Instructions for the task:
When you restate the data, keep every word as it is and drop the images.

*** Opening Information provided ***

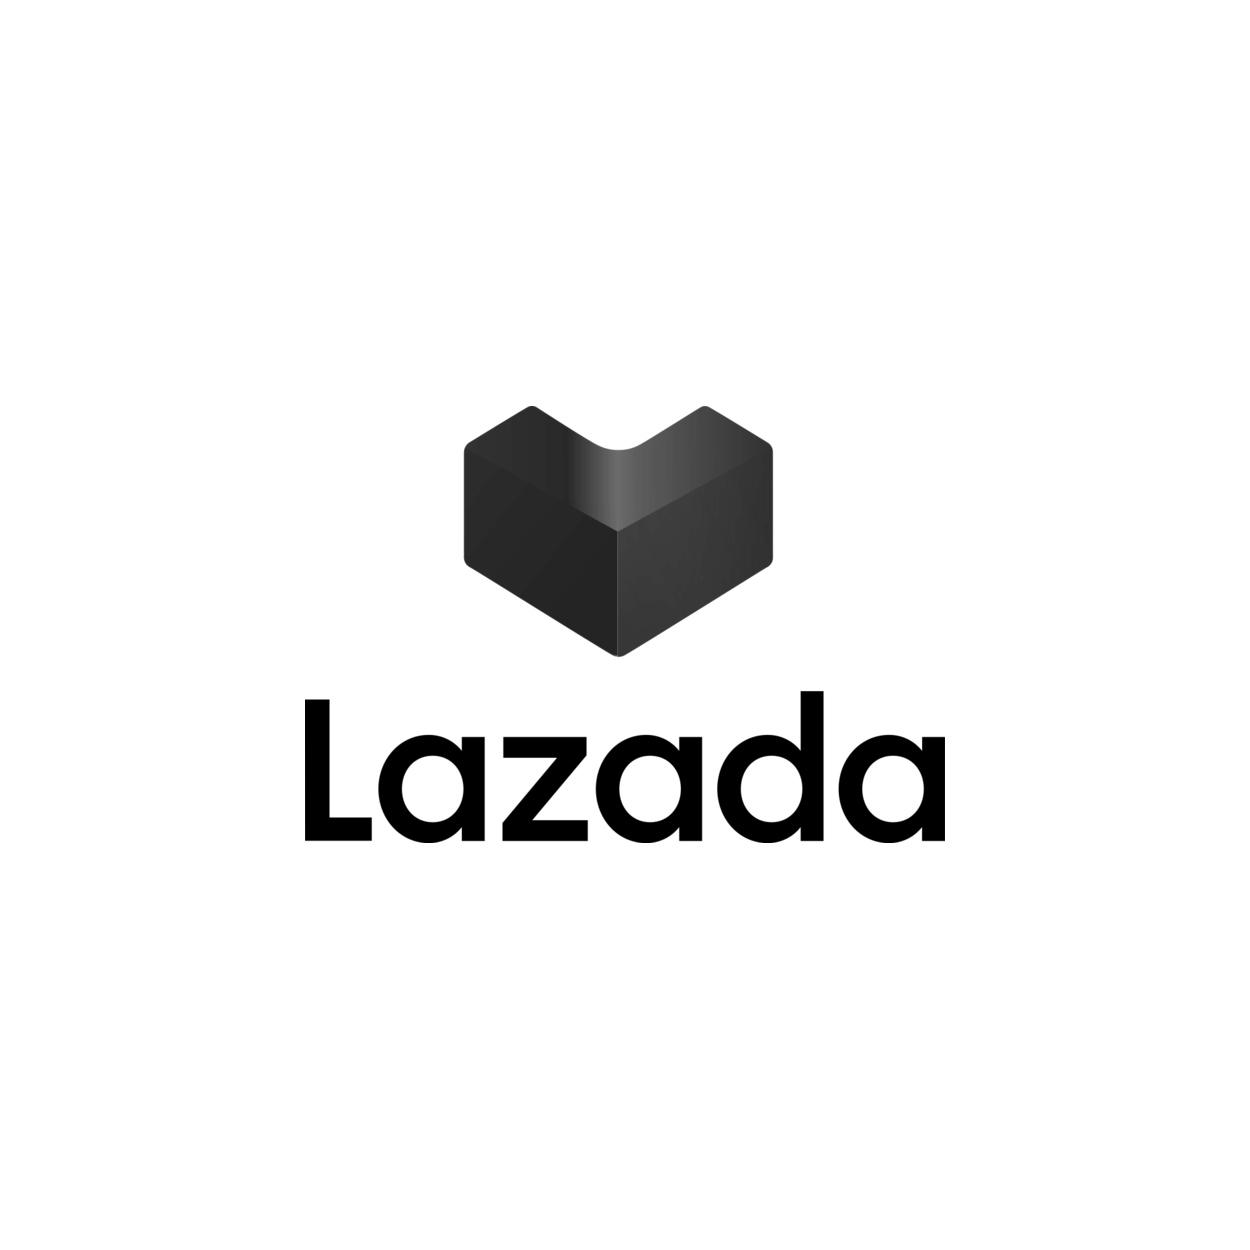 François Soulignac: LAZADA Group Southeast Asia - Digital Campaign - Creative Ideas - MADJOR Labbrand Shanghai
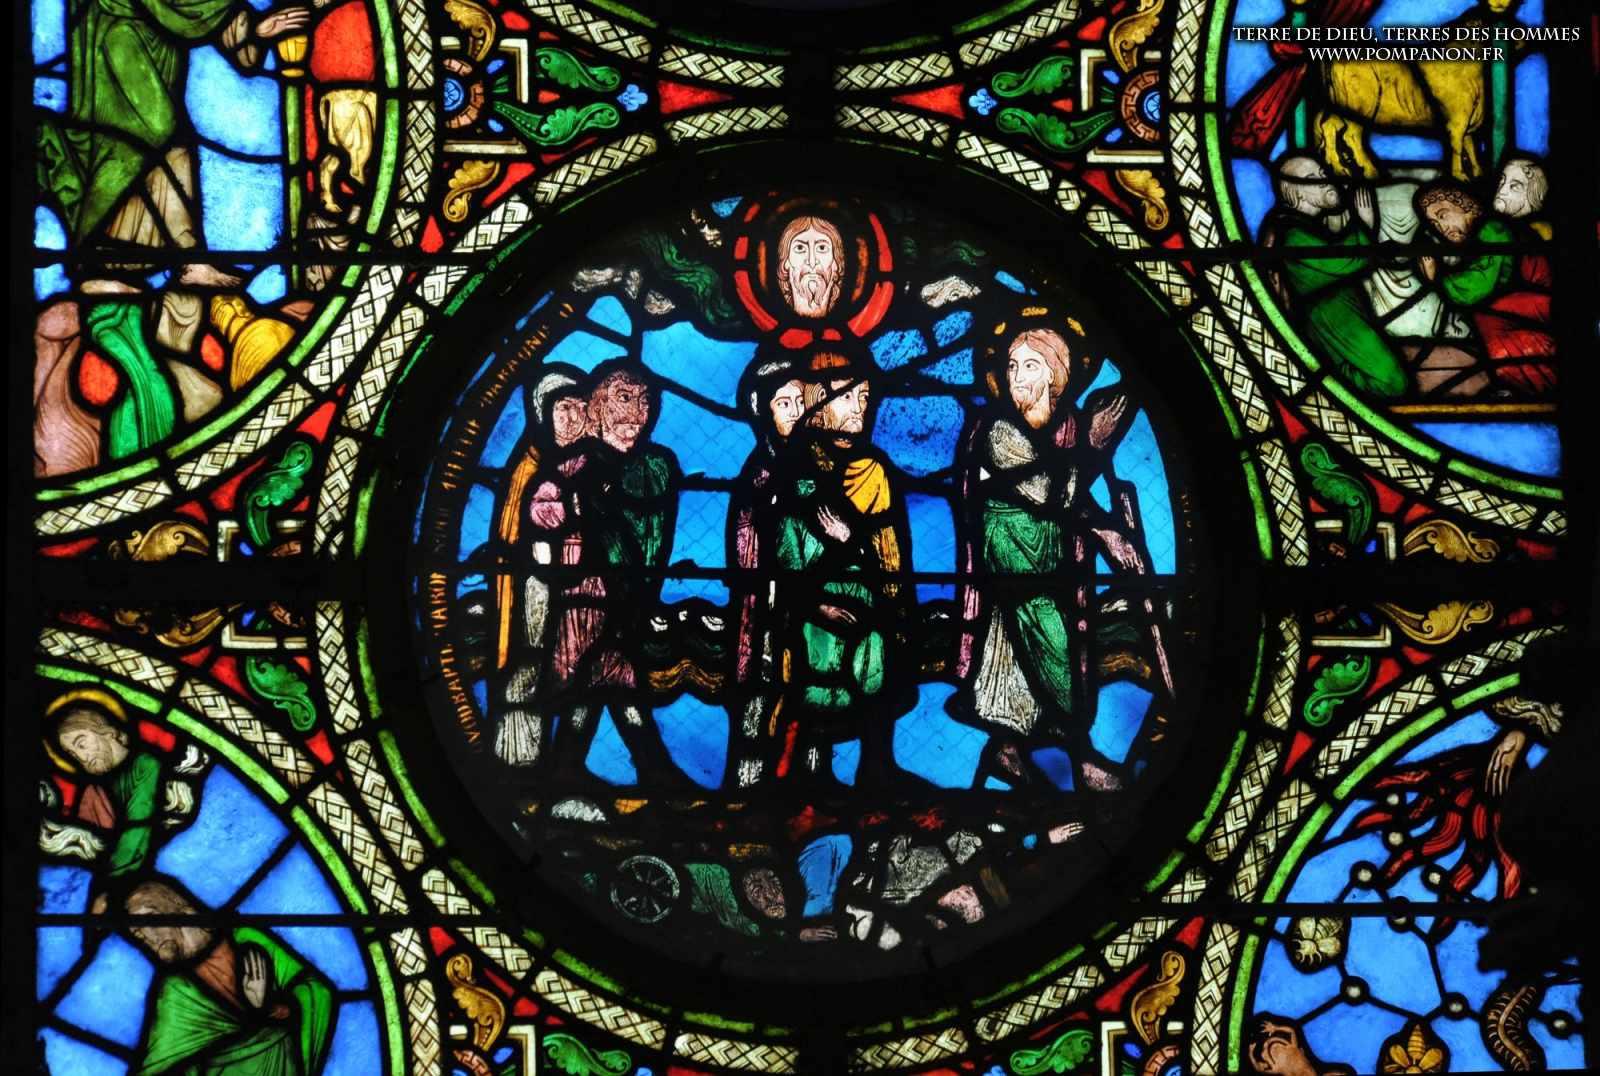 Les vitraux  du XIIIéme siècle . 5043eefca928e
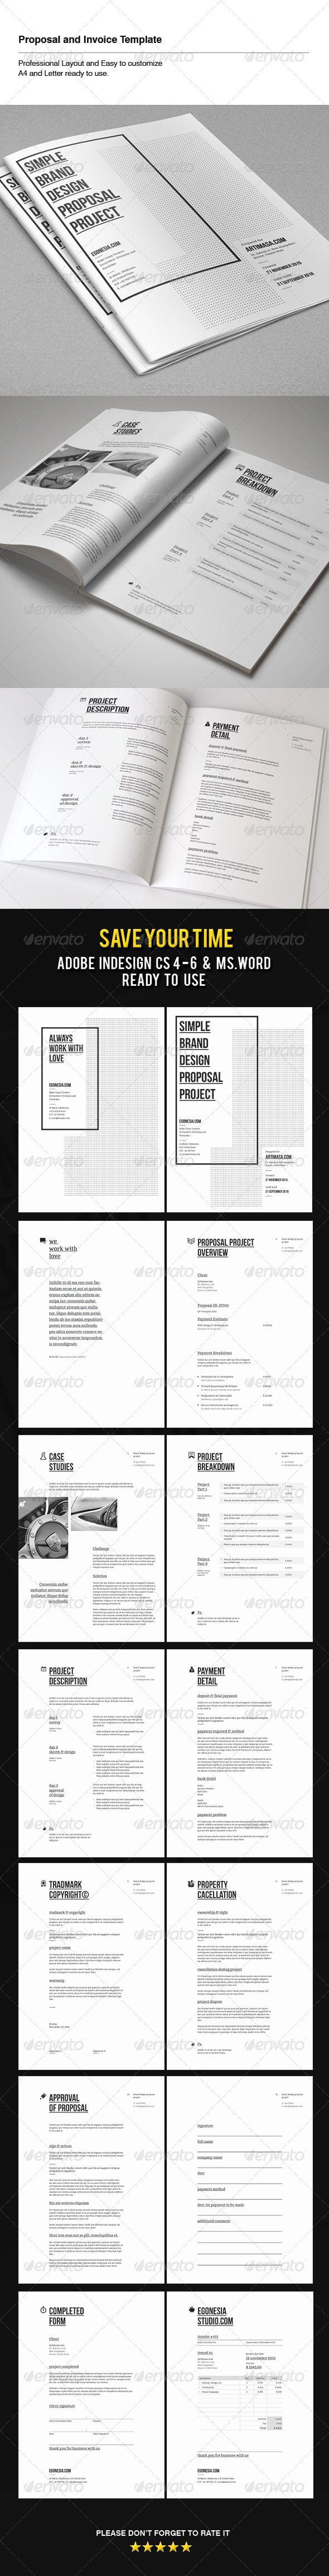 Proposal & Invoice Template | Adobe, Textos y Adobe indesign
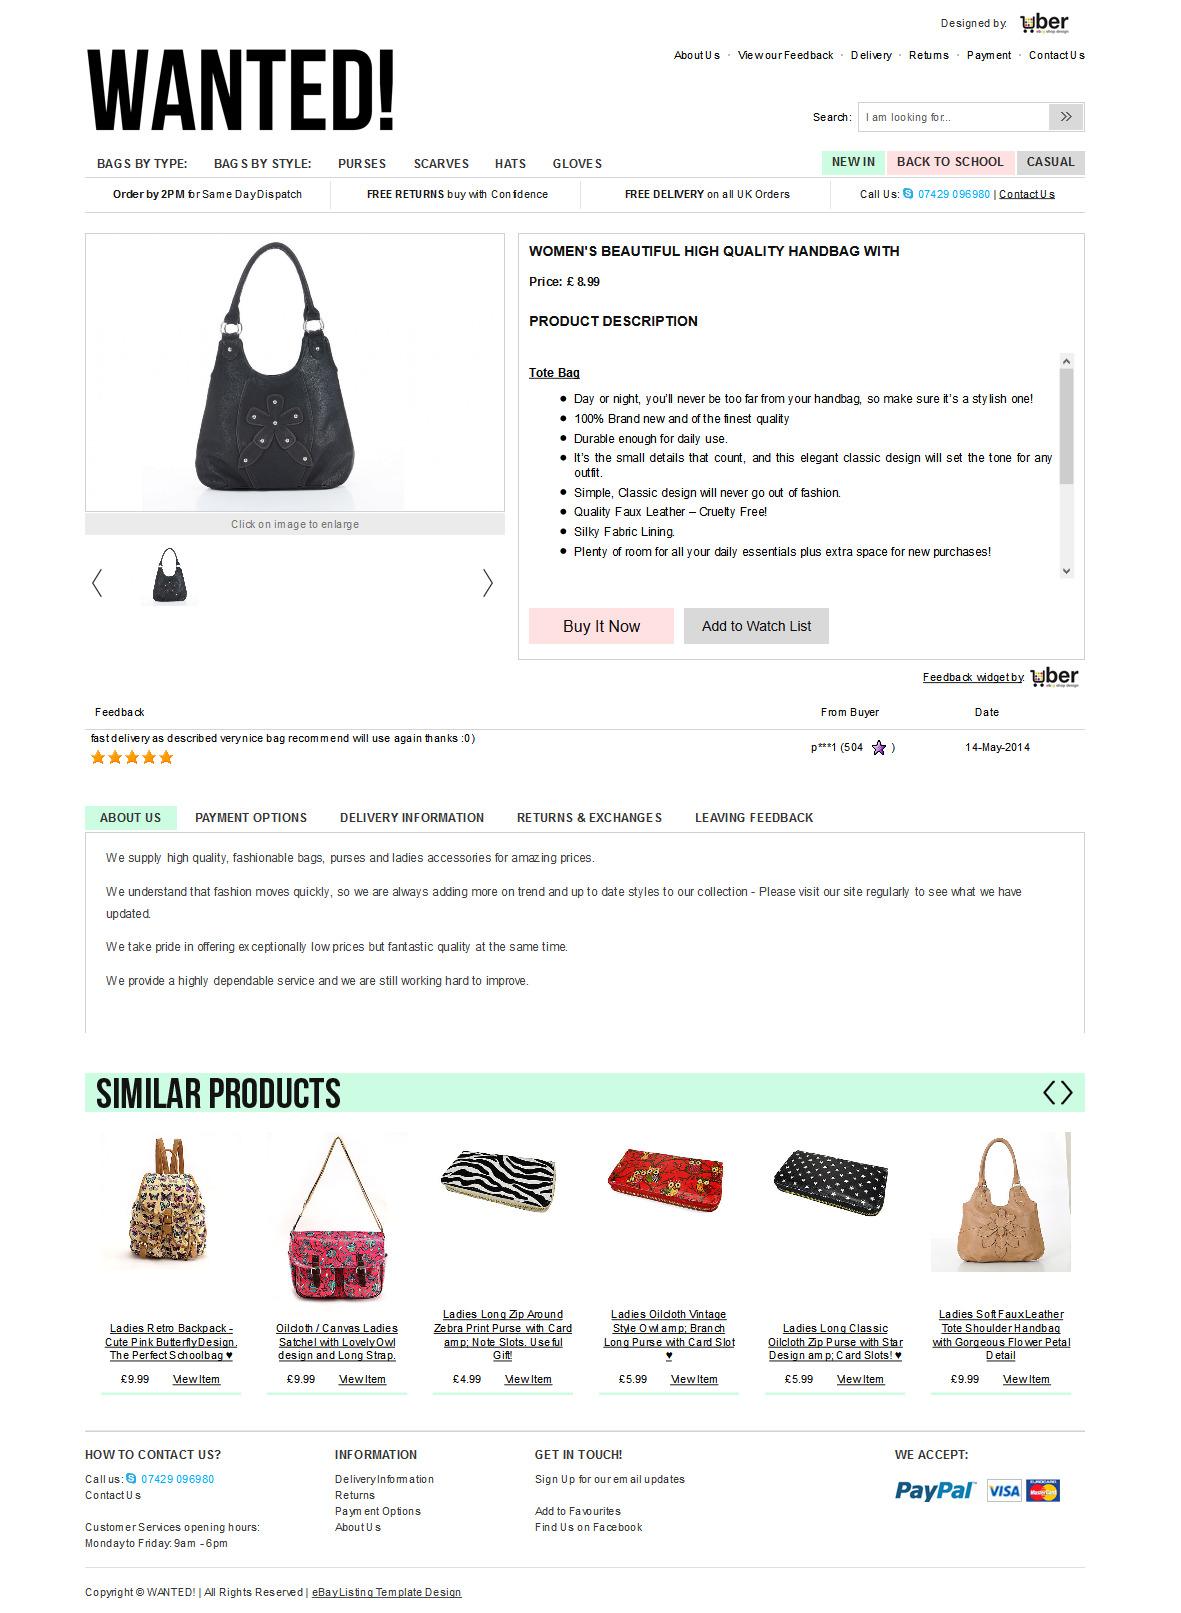 WantedBags ebay item template design

*** Closing Information provided ***

Completed exercise:
 François Soulignac: LAZADA Group Southeast Asia - Digital Campaign - Creative Ideas - MADJOR Labbrand Shanghai
 Les vitraux  du XIIIéme siècle . 5043eefca928e
 Proposal & Invoice Template | Adobe, Textos y Adobe indesign
 WantedBags ebay item template design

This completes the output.